Furthermore, there is a music school and an art school for children and teenagers in Dunningen.

=== Sports ===
The sports clubs of Dunningen and its municipalities are FC Dunningen (Football), TSV Dunningen (handball and gymnastics), TC Dunningen (tennis), TTV Dunningen (table tennis), Shooting Club Dunningen, SpVgg Stetten-Lackendorf 1963, SV Seedorf (football, skiing, handball) and TTC Seedorf (table tennis). The SV Seedorf has the most members of all the clubs in the municipality of Dunningen. Apart from the more classical sporting activities like football, gymnastics and handball, the clubs offer various leisure sport activities including volleyball, rhythmic gymnastics, badminton and dancing. The Skiclub Seedorf e. V. that has its own ski hut, "the SCS- Alpenhaus", in Braz/Austria for friends of skiing.

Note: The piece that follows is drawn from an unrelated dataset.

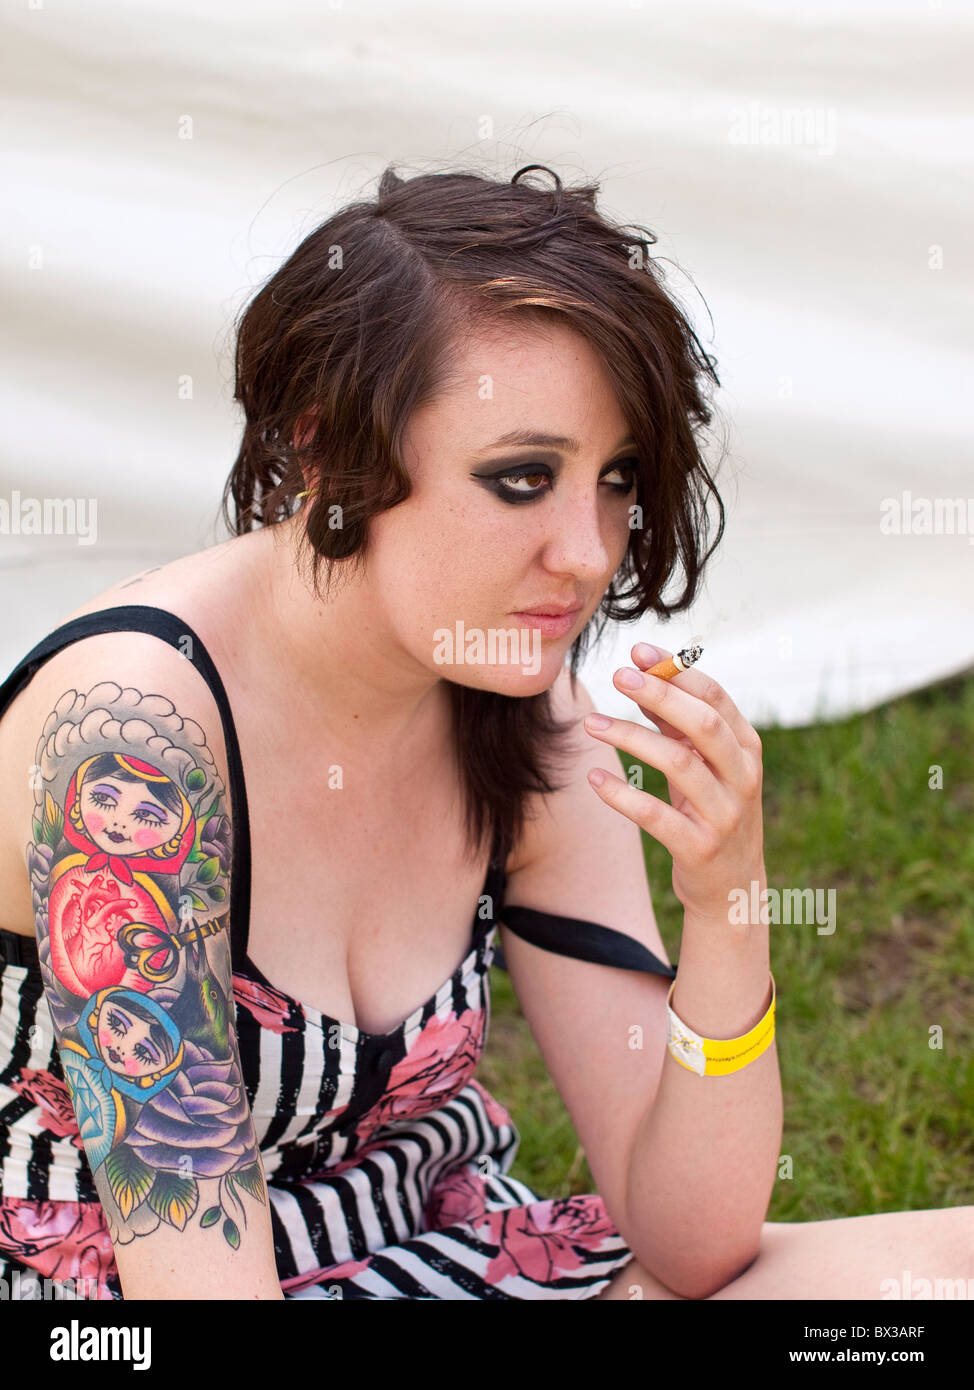 Lucy a trendy young female adult nineteen year old with tattoos smoking Stock Photo

=== Culture and sights ===
The Museum of local history

The museum of local history, which is located in Dunningen town hall, illustrates the lives of famous sons and daughters of the village, for example Emil Maier, Landolin Ohnmachtand Jacob Maier. Maier was a politician of the Social Democratic Party of Germany, during the times of the German Empire and the Weimar Republic, and became the Home Secretary of Baden some years later. At the level of local politics, he was particularly active in Mannheim and Heidelberg.

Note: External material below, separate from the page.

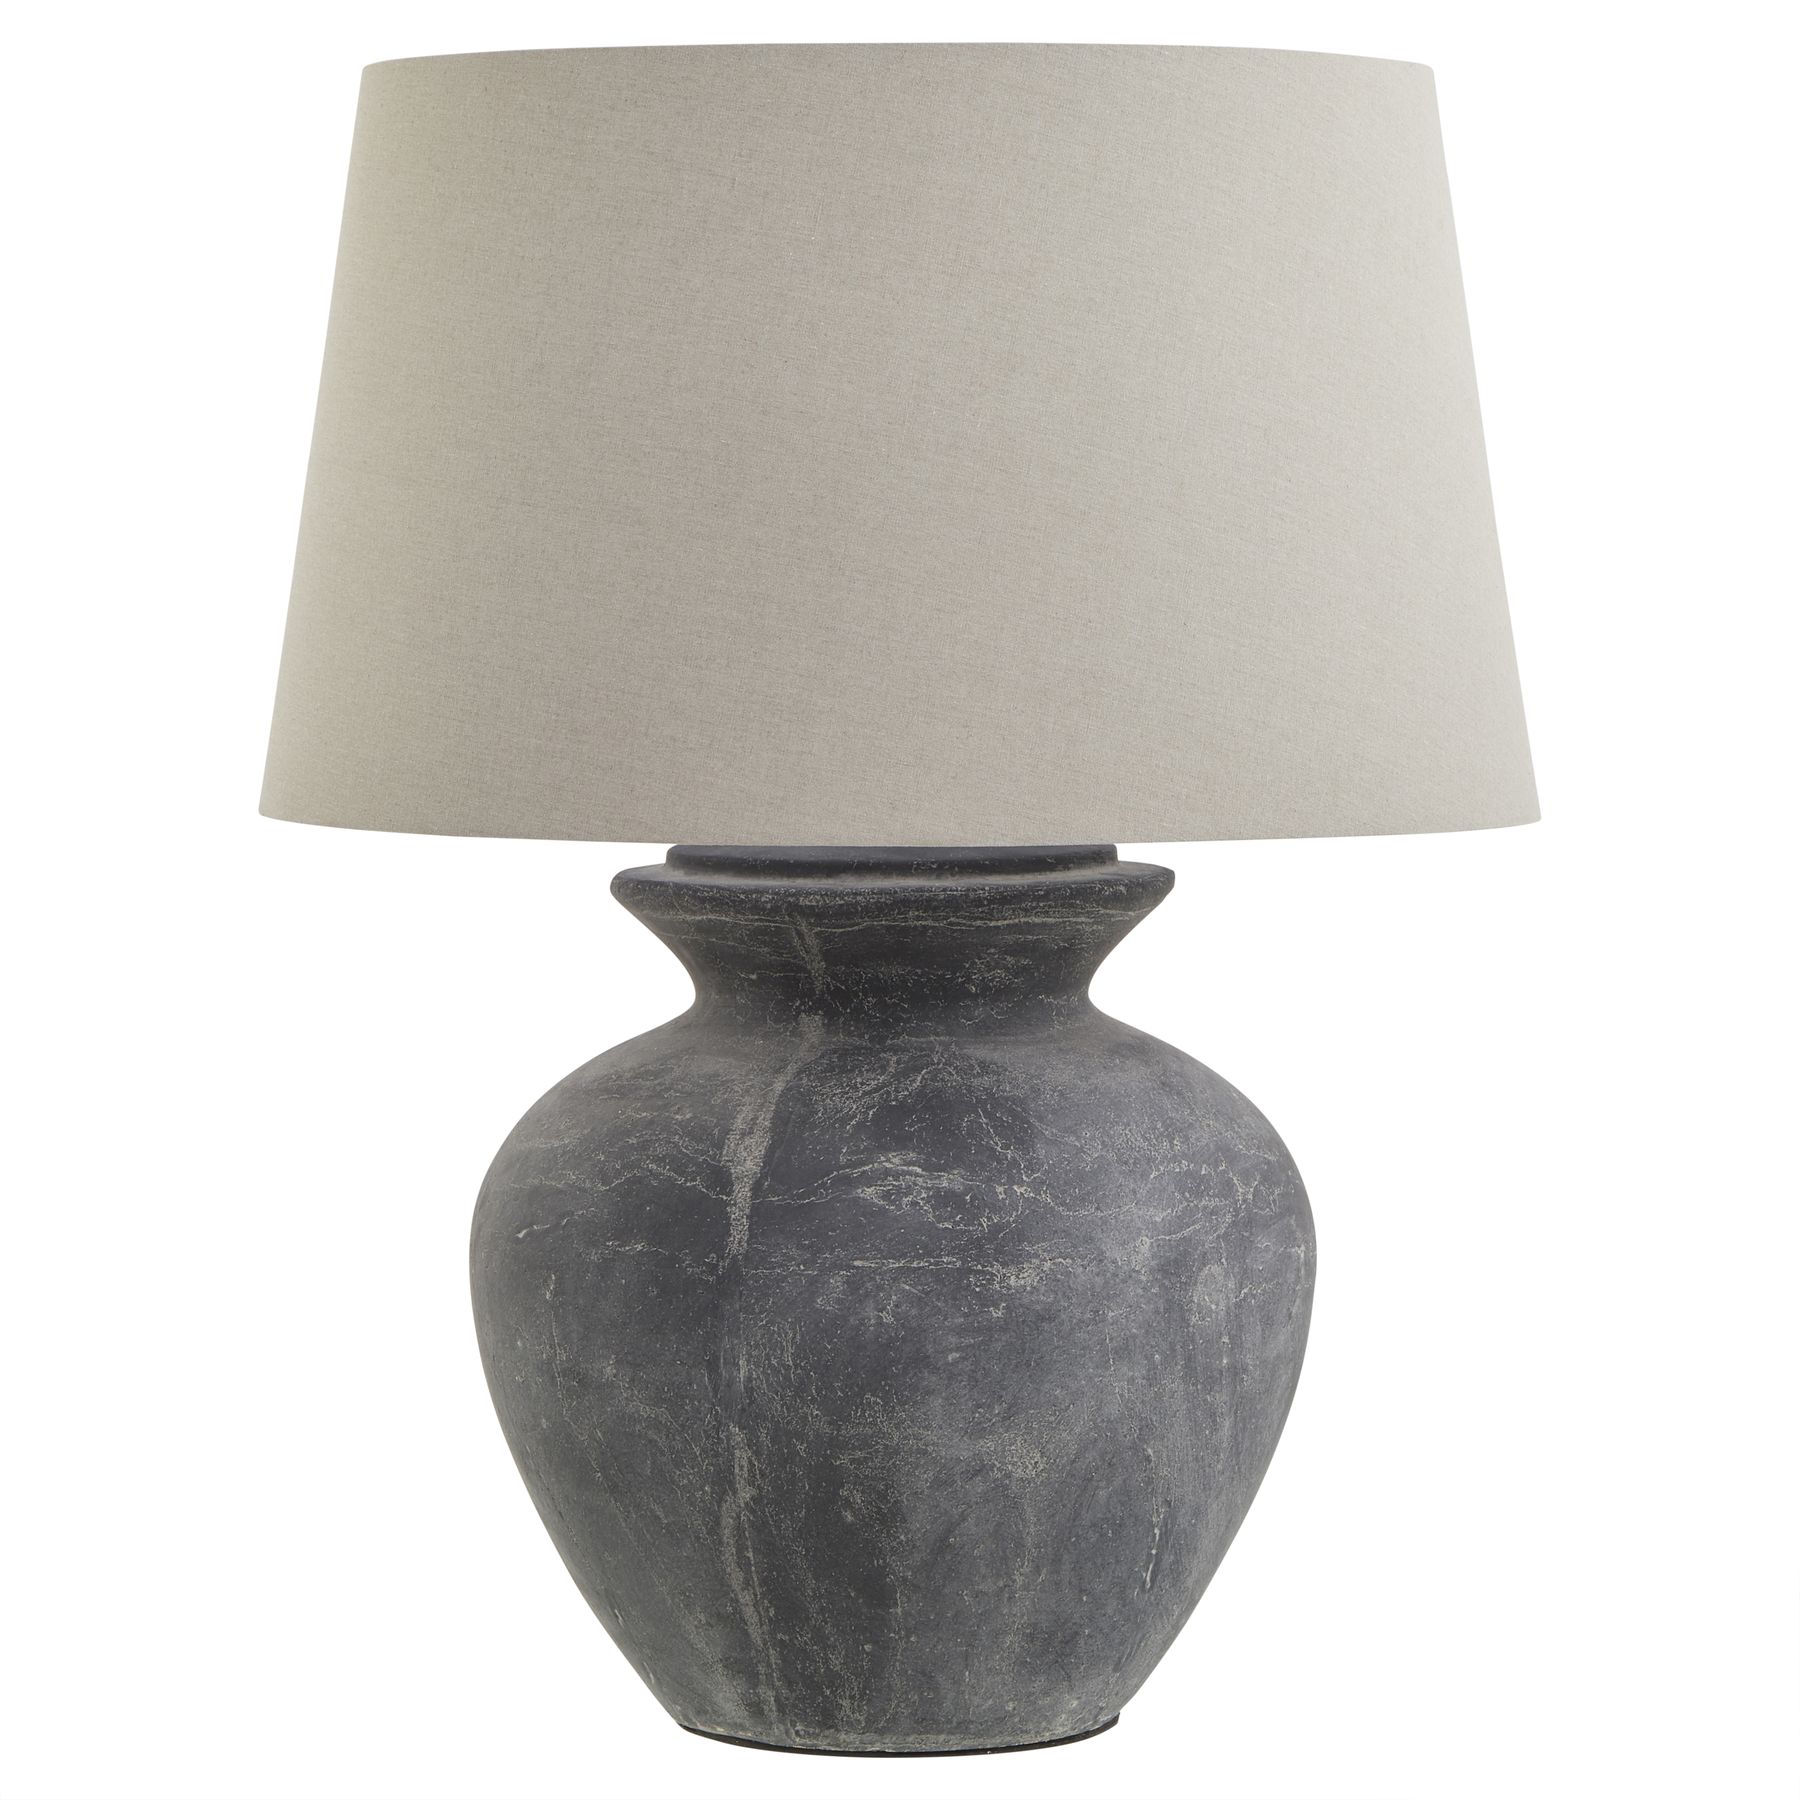 Amalfi Grey Round Table Lamp With Linen Shade - Image 1

Another part of the museum is dedicated to the classical artist Landolin Ohmacht (1760-1834). From 1803, he lived and worked primarily in Strasbourg where he created important monuments of popular personalities of the city and the region. His most famous work shows Susette Gontard, the wife of a Frankfurt banker, who is known in literary history as Hölderlin's Diotima. The third exhibition portrays the life and work of Jakob Mayer, who invented a technique to cast steel in moulds in the 1840s. Apart from bells, he produced iron rails and wheels. In cooperation with Eduard Kühne, Mayer founded the Bochum Association of Mining and Cast Steel Production. Their greatest competitor was the Krupp company in Essen. Mayer was born in Dunningen in 1813 and died in Bochum in 1875 where he has an honorary grave in Kortum Park.
The museum is open on the first Sunday of the month from 2 pm to 5 pm.

== Notable residents ==
Notable people born in Dunningen
- William Sohmer (1852-1929), assurance man and politician in New York City
- Hugo Sohmer (1854–1913), manufacturer of pianos, founded in 1872 Sohmer & Co. in New York City
- Landolin Ohnmacht (1760-1834), sculptor who worked mostly in Straßburg gewirkt hat, made the bust of Diotima, love of Hölderlin
- Jakob Mayer
- Walther Straub (1925-1986), a circus artist, the tallest European at the time (2.38 metres tall).

== Regular events ==
During Advent a Christmas concert is performed by the Musical Society Dunningen. In turn with the district of Seedorf, a big village fair is held yearly in the last weekend of June.